Insured Must Give Prompt Notice of Loss
Post 5256

Read the full article at https://lnkd.in/gBXRbKXD, see the video at https://lnkd.in/g4DKfUDz and at https://lnkd.in/g65V_RQ7 and at https://zalma.com/blog plus more than 5250 posts.

Once The Insured Knows There is Damage It is Obligated to Report the Loss to the Insurer

In Greater St. Stephen Ministries, Inc. v. Mt. Hawley Insurance Company, No. 24-cv-3130 (AS), United States District Court, S.D. New York (January 2, 2026) resolved a case brought by a church against an insurance company for denying coverage after Hurricane Ida. After discovery, the insurance company moved for summary judgment because it claimed the insured breached a material condition of the policy.

BACKGROUND

Greater St. Stephen Ministries, Inc., a church located in Louisiana, owned property that suffered damage from Hurricane Ida on August 29, 2021. The property was insured under a policy with Mt.
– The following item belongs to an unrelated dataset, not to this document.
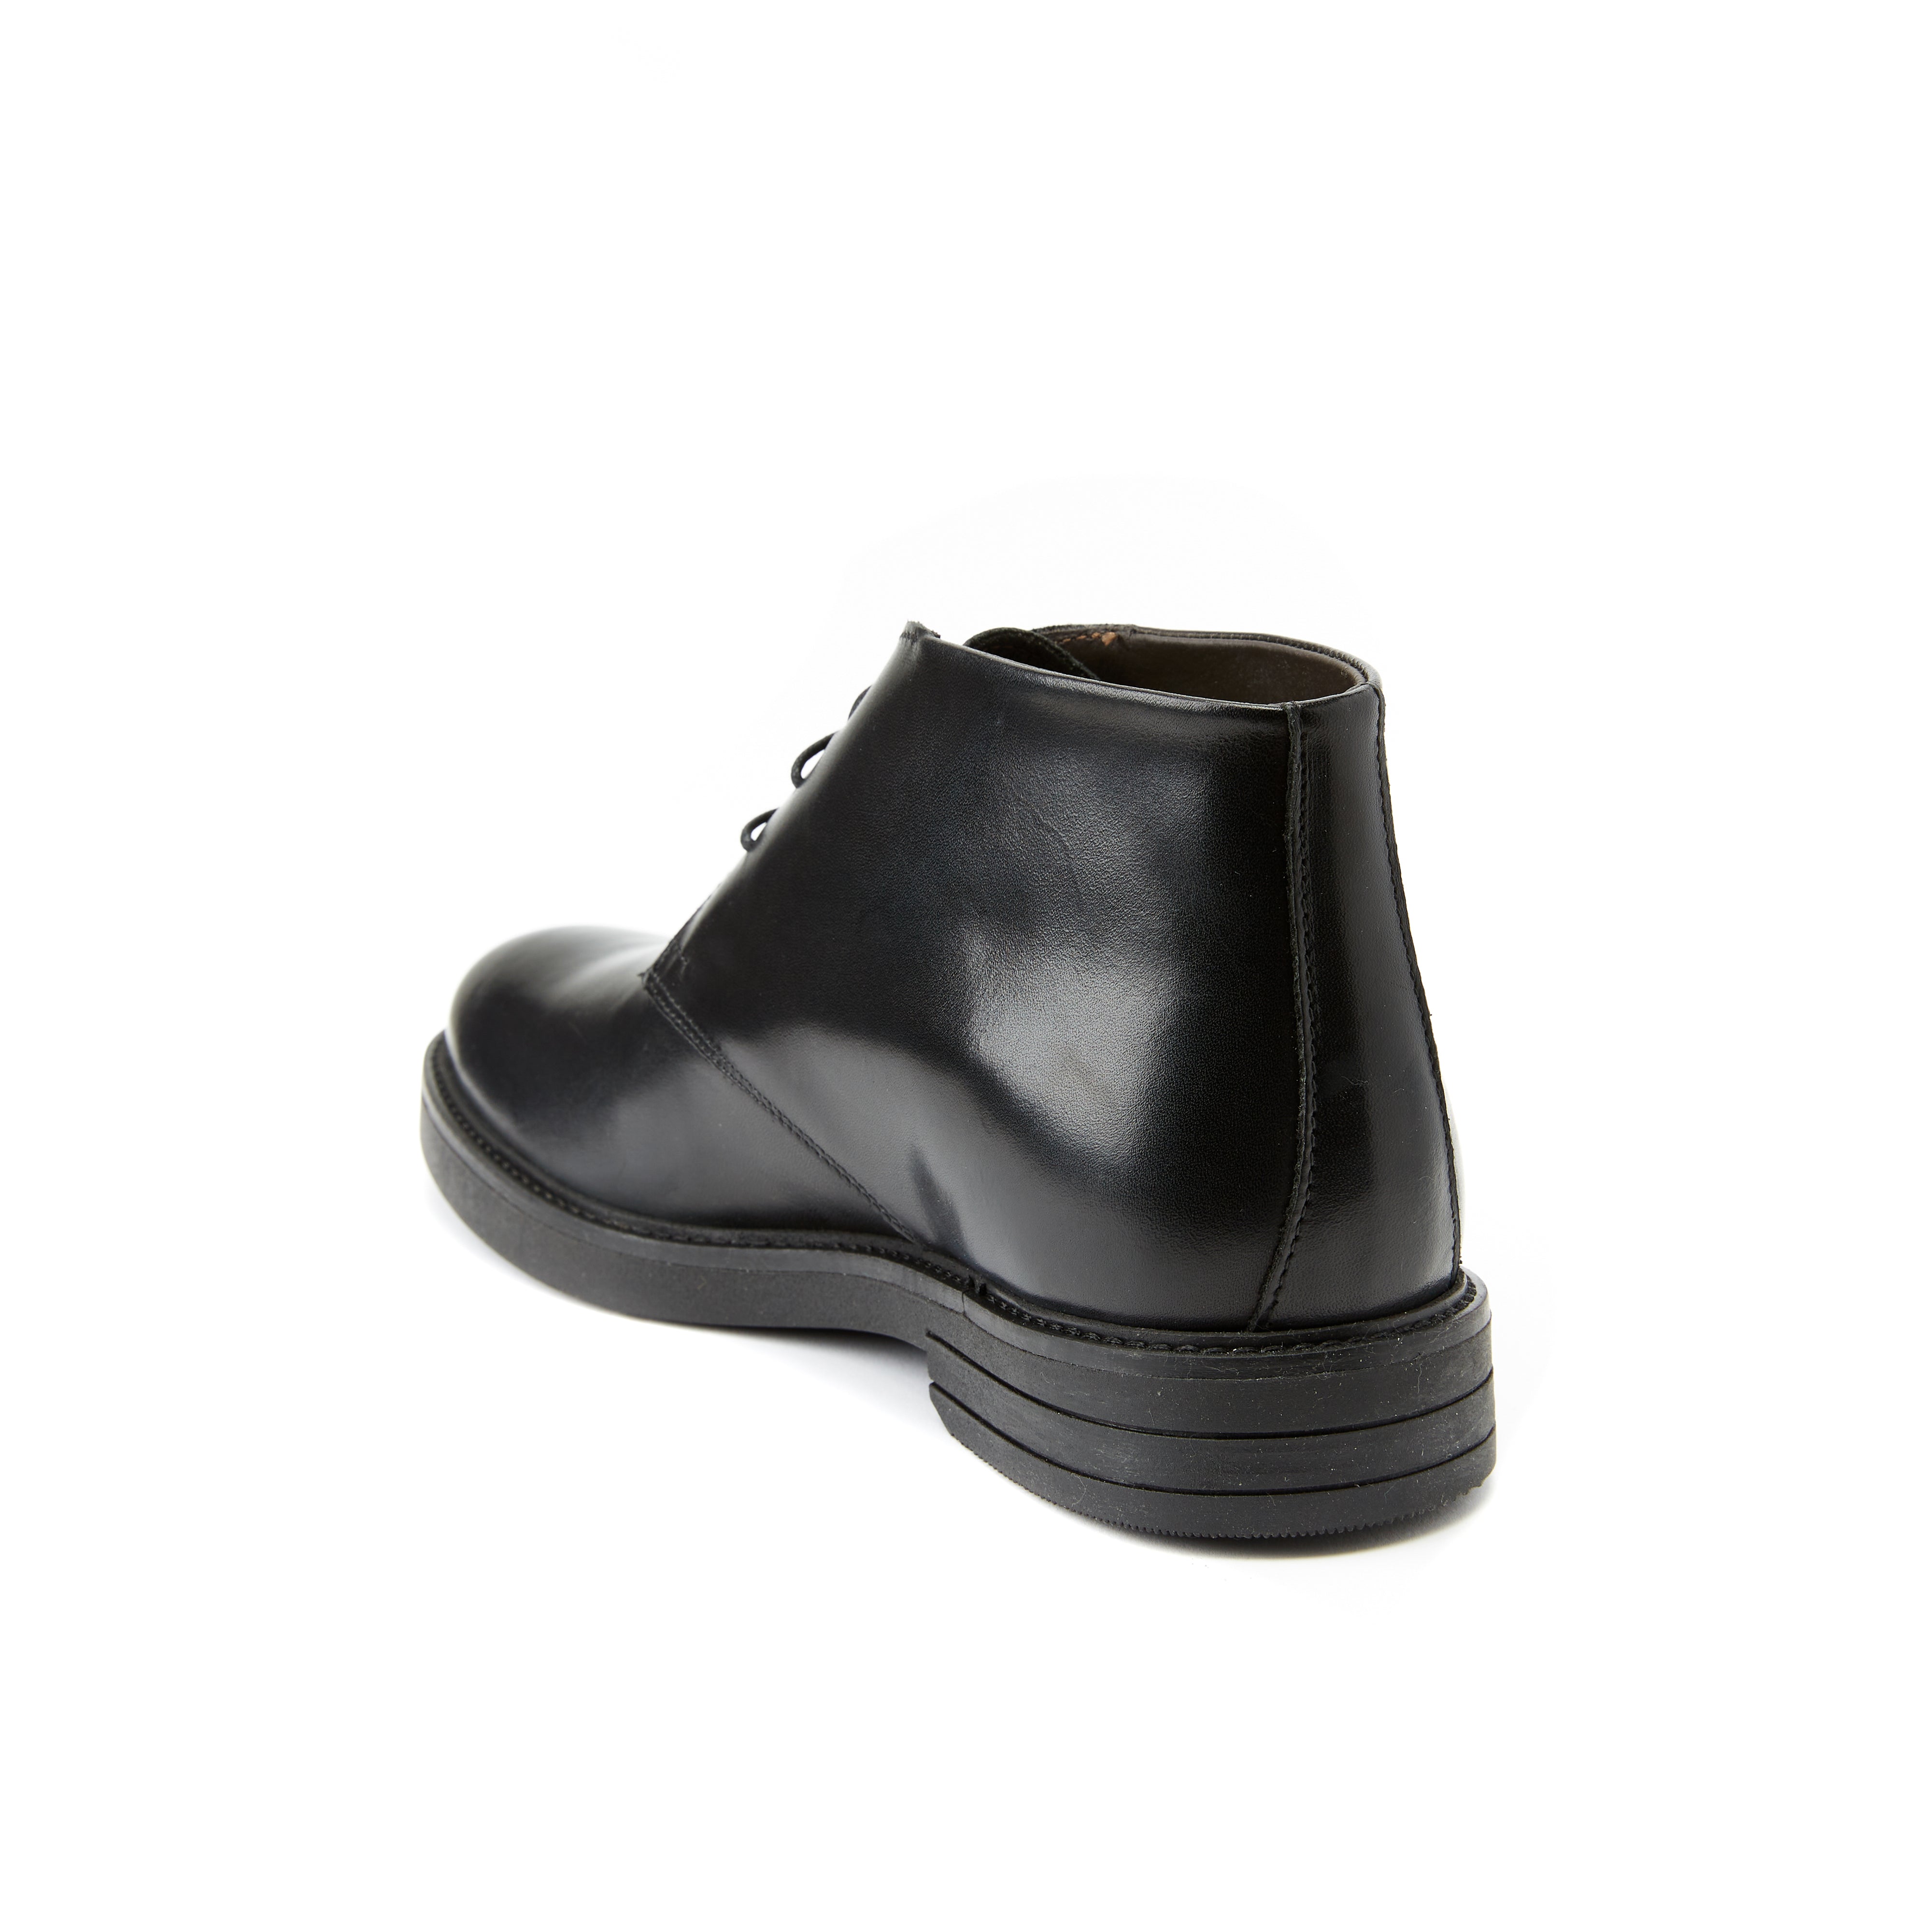 Plain chukka boot black

Hawley Insurance Company, which required the insured to provide “prompt notice” of any loss or damage, with an absolute deadline of one year from the date of loss to file a claim.
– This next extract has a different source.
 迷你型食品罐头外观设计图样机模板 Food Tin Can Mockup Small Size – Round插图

Greater St. Stephen waited nearly four months after the hurricane to submit its insurance claim. Mt. Hawley investigated and found most evidence of moisture had dissipated, and the engineer concluded that any storm-related damage was minor and repairable, falling below the policy’s deductible. Mt. Hawley denied the claim.

Greater St. Stephen responded by suing.

LEGAL ISSUES

Under New York law, compliance with a notice-of-occurrence provision is a condition precedent to an insurer’s liability.  The court must interpret the facts in the light most favorable to the non-movant but requires the non-movant to produce evidence supporting the essential elements of its claim.

In this case, the insurance contract obligated Greater St. Stephen to give “prompt notice” of loss or damage. The notice obligation is triggered when circumstances known to the insured would suggest to a reasonable person the possibility of a claim.

DISCUSSION

Greater St. Stephen Didn't Give Mt. Hawley Prompt Notice Of The Damage, So Summary Judgment Was Granted To Mt. Hawley

Compliance with a notice-of-occurrence provision in an insurance policy is a condition precedent to an insurer's liability under the policy. Greater St. Stephen didn't submit a formal claim until four months after the hurricane. The notice obligation was triggered when the circumstances known to the insured would have suggested to a reasonable person the possibility of a claim. The clock started running for Greater St. Stephen when it should have known about the possibility of a claim.

Greater St. Stephen conceded that it was made aware of damages to the Property approximately 3-4 days after the Hurricane and hired a public adjuster to scope it out. It argued that the clock shouldn't start then because the property manager was uncertain of the damages. That argument is flatly contradicted by the record. The manager showed up at the property a week or two after the hurricane because he got a call from the tenants about a week earlier telling him that the building was “damaged in the ceiling.”  The manager walked around inside the building and saw leaks. Although he couldn't see if the roof was damaged, when he saw the leaks inside, that's when he said he needed to call a public insurance adjuster who represented Greater St. Stephen, not the insurer. By calling in a public adjuster the manager admitted that there was a “possibility of a claim."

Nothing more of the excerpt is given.